The total phonon DOS is an incoherent sum of contributions of individual atoms forming the system under study and is related by the time-frequency Fourier transform to its spherically integrated (averaged) inelastic scattering cross-section. For this reason it is often put into connection with incoherent neutron scattering, but this property applies indifferently even to perfectly coherent scatterers. The MP_DOS tool calculates the vibrational (phonon) density of states (DOS) by Fourier transform (using FFT) of the velocity-velocity autocorrelation functions of individual atoms.

All input data, acquired by either of the CELL and BULK input methods, are eligible.
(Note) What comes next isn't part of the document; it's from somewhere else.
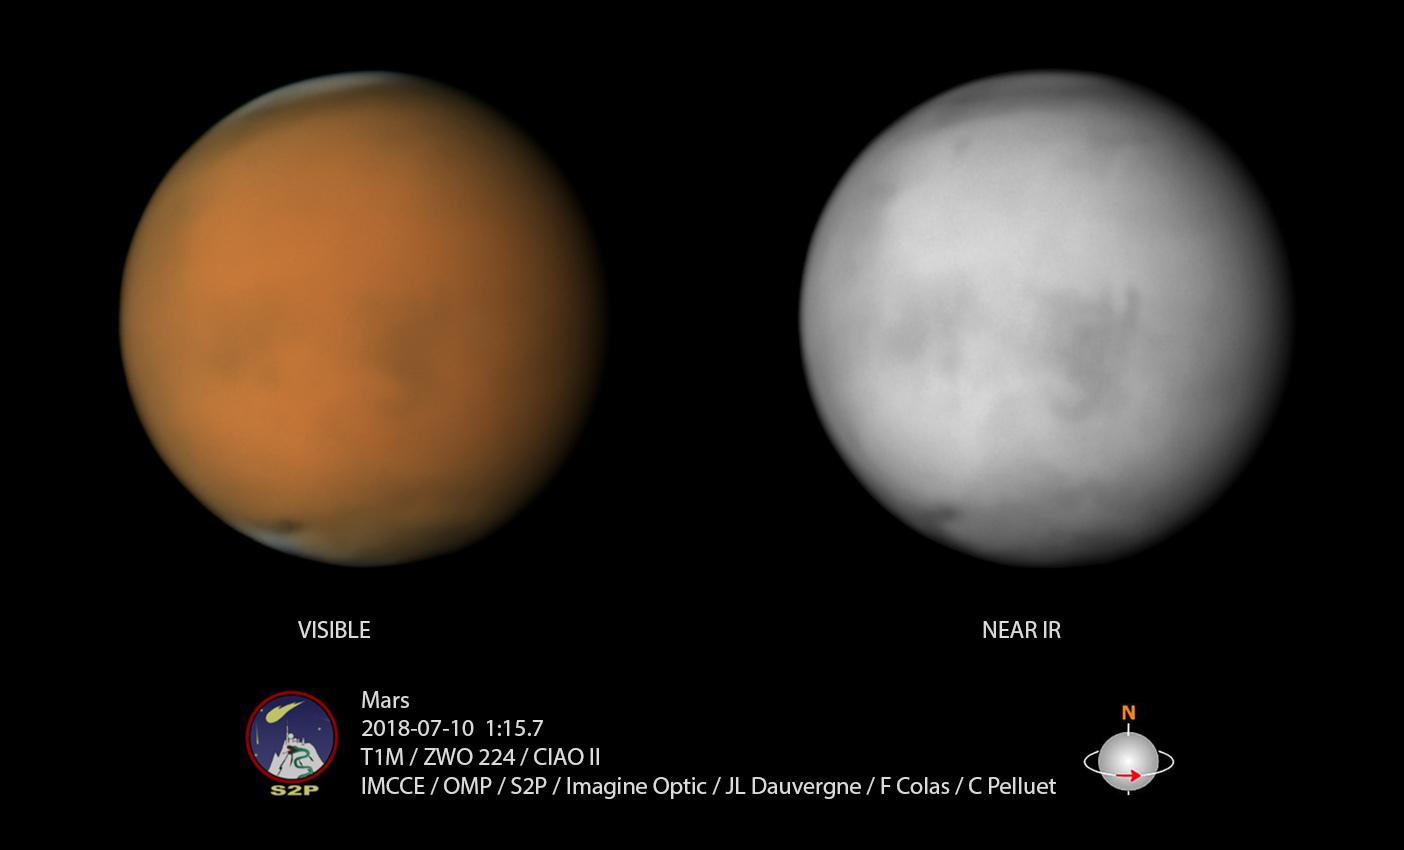 5fb04c067562e_2018-07-10-0115_7-L-Mars_ZWOASI224MC(14813640)_lapl6_ap107.jpg.76750b3e40c77d4ba336c7e9ef46118a.jpg
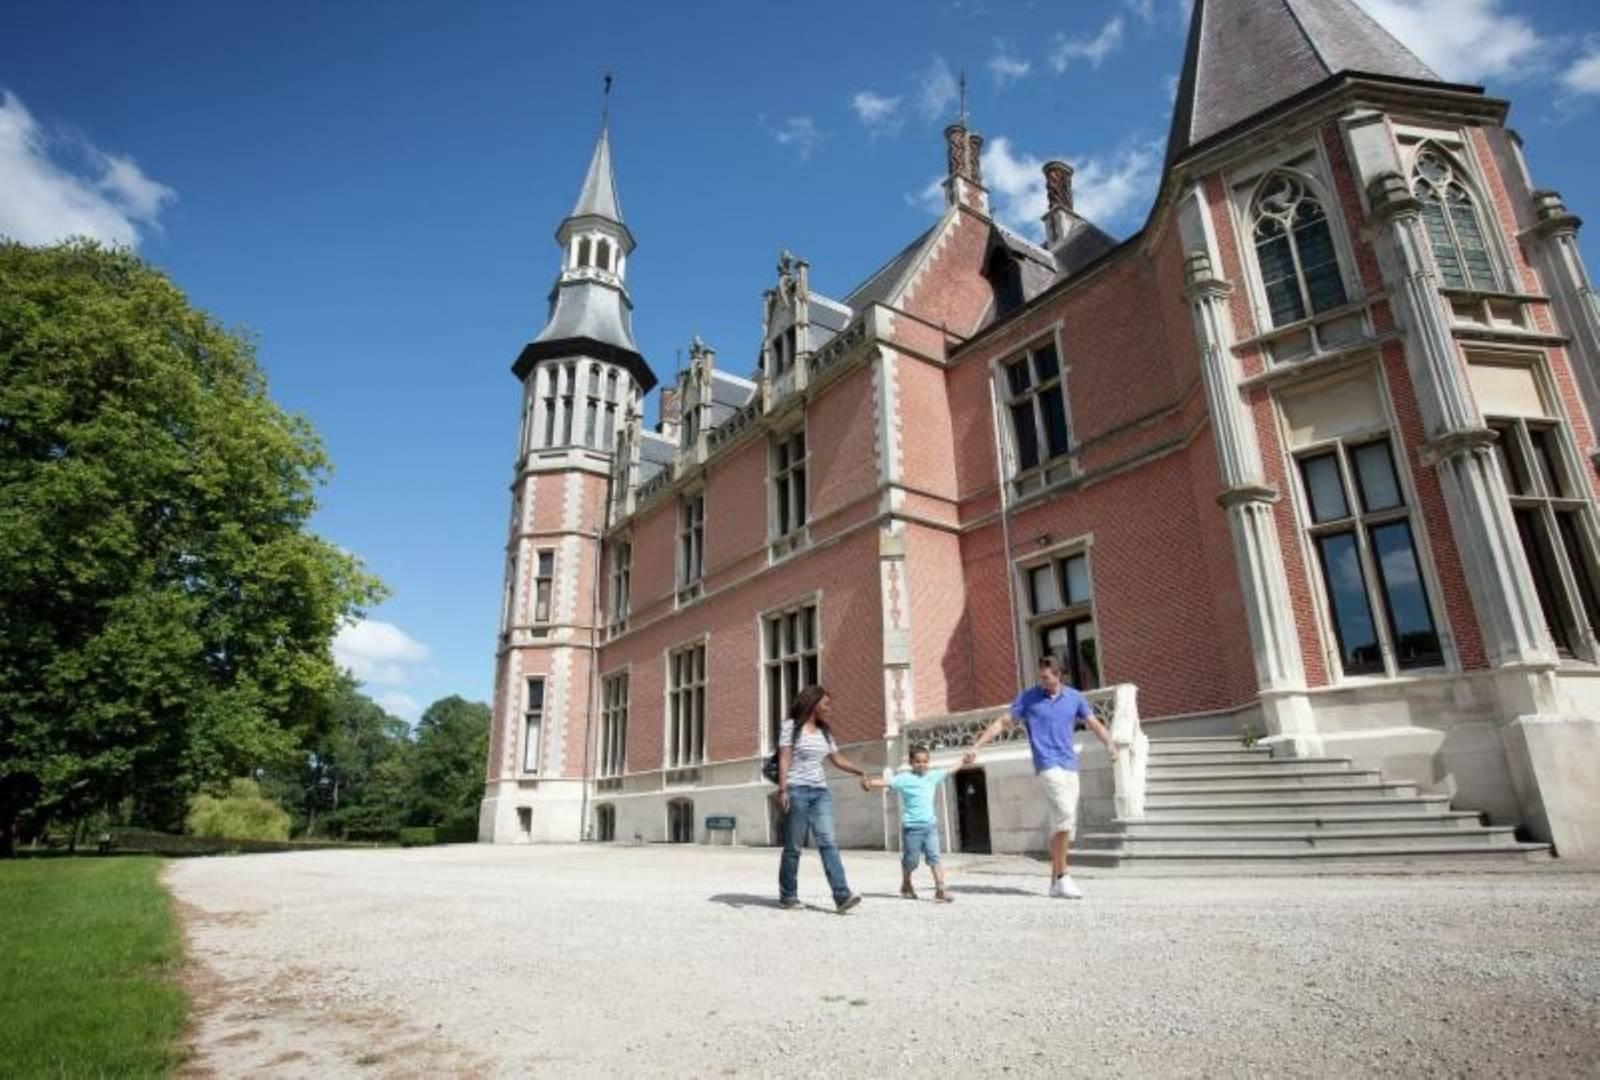 Kasteel D'artrycke - Feestzaal - House of Weddings (9)

The outcome of this program critically depends on adequate time structure of input data, which on its turn depends on the right choice of the MD simulation dump frequency and trajectory length. The time-frequency FT calls for a contiguous snapshot sequence. As follows from the Fourier transform properties the maximum accessible frequency is related the reciprocal value of the MD trajectory time (dump) step. It should be kept in mind that only half of the apparent range is really effective (the other half is a mirror image of the first one). In case of an insufficient frequency range (time step too large) the S(ω) function will fold over and may bring up unexpected artefacts. The frequency resolution is related to the reciprocal of the MD trajectory time length. The technicalities of the implemented FT algorithm (use of a window function to damp truncation effects) reduce the effective resolution to twice the reciprocal value of the trajectory length.
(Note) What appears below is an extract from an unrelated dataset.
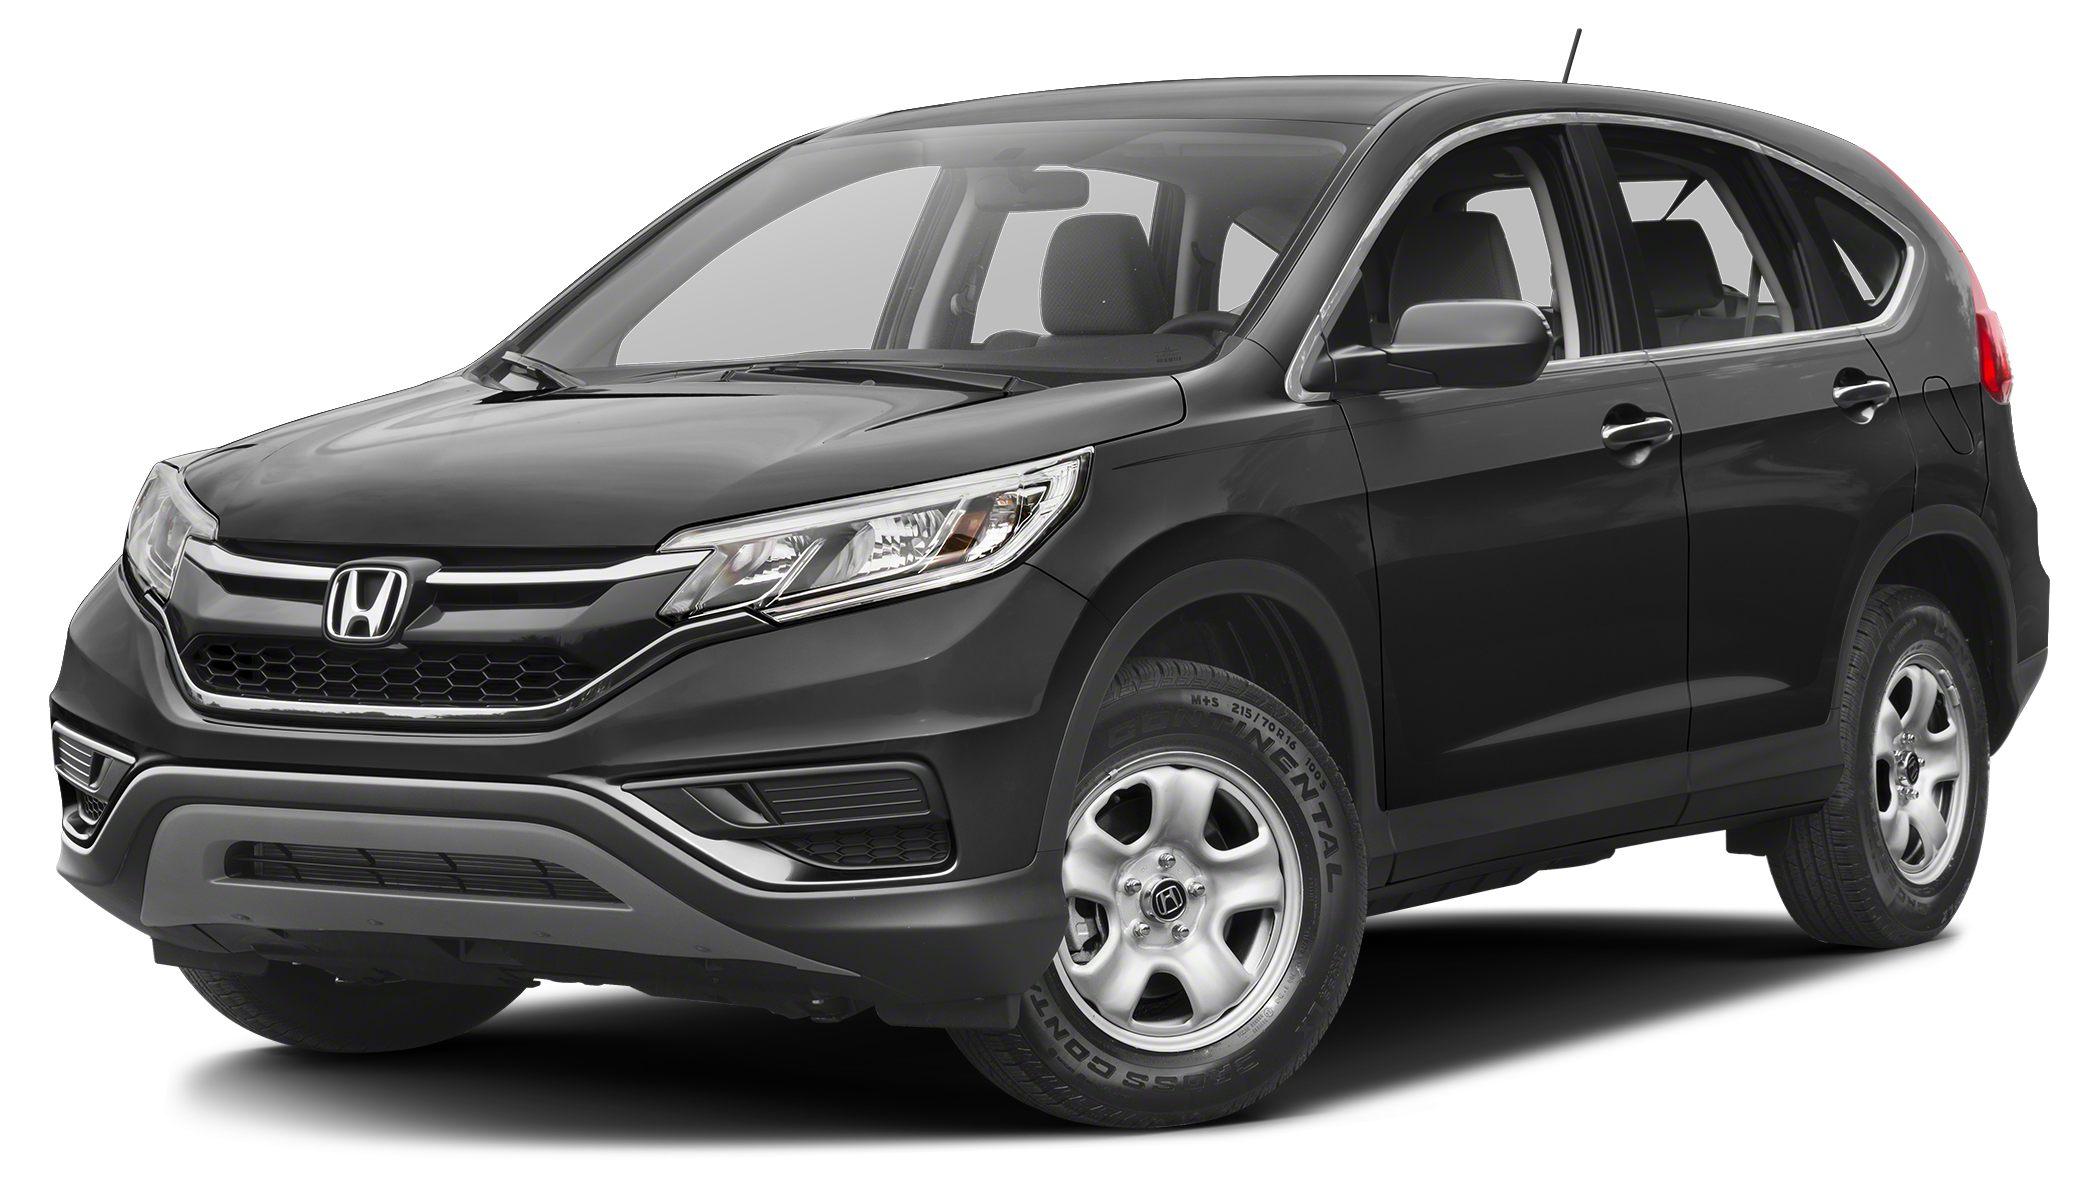 2016 Honda CR-V LX Buy a new Honda from Diamond Valley Honda in Hemet and obtain Lifetime Oil Chan

The resulting DOS can be displayed either with the neutron scattering weights (squared, bcoh2, for comparison with neutron data) or with unit weights (for comparison with other theoretical model results). It should be stressed that there is no way to convert the output DOS from one weighting system to the other one at a later stage. The total DOS is plotted together with selected partials, file output (.PS and .TXT) as specified in the dialogue.

NOTE: in most cases the phonon DOS does not exhibit details of energy dependence as sharp as the Q-resolved S(Q,ω) scattering functions. As a consequence MD trajectories of a few hundred snapshots may prove sufficient to obtain useful information. For typical substances with optic phonon frequencies not extending beyond 25THz (≈ 100meV) a snapshot sequence with a 0.02ps time step (time tag difference between two subsequent snapshots) and 10ps total length (500 snapshots) will produce a DOS plot with a step of 0.1THz and an effective resolution (FWHM) of 0.2 THz, capable to provide a useful first insight into the dynamics of the simulated system.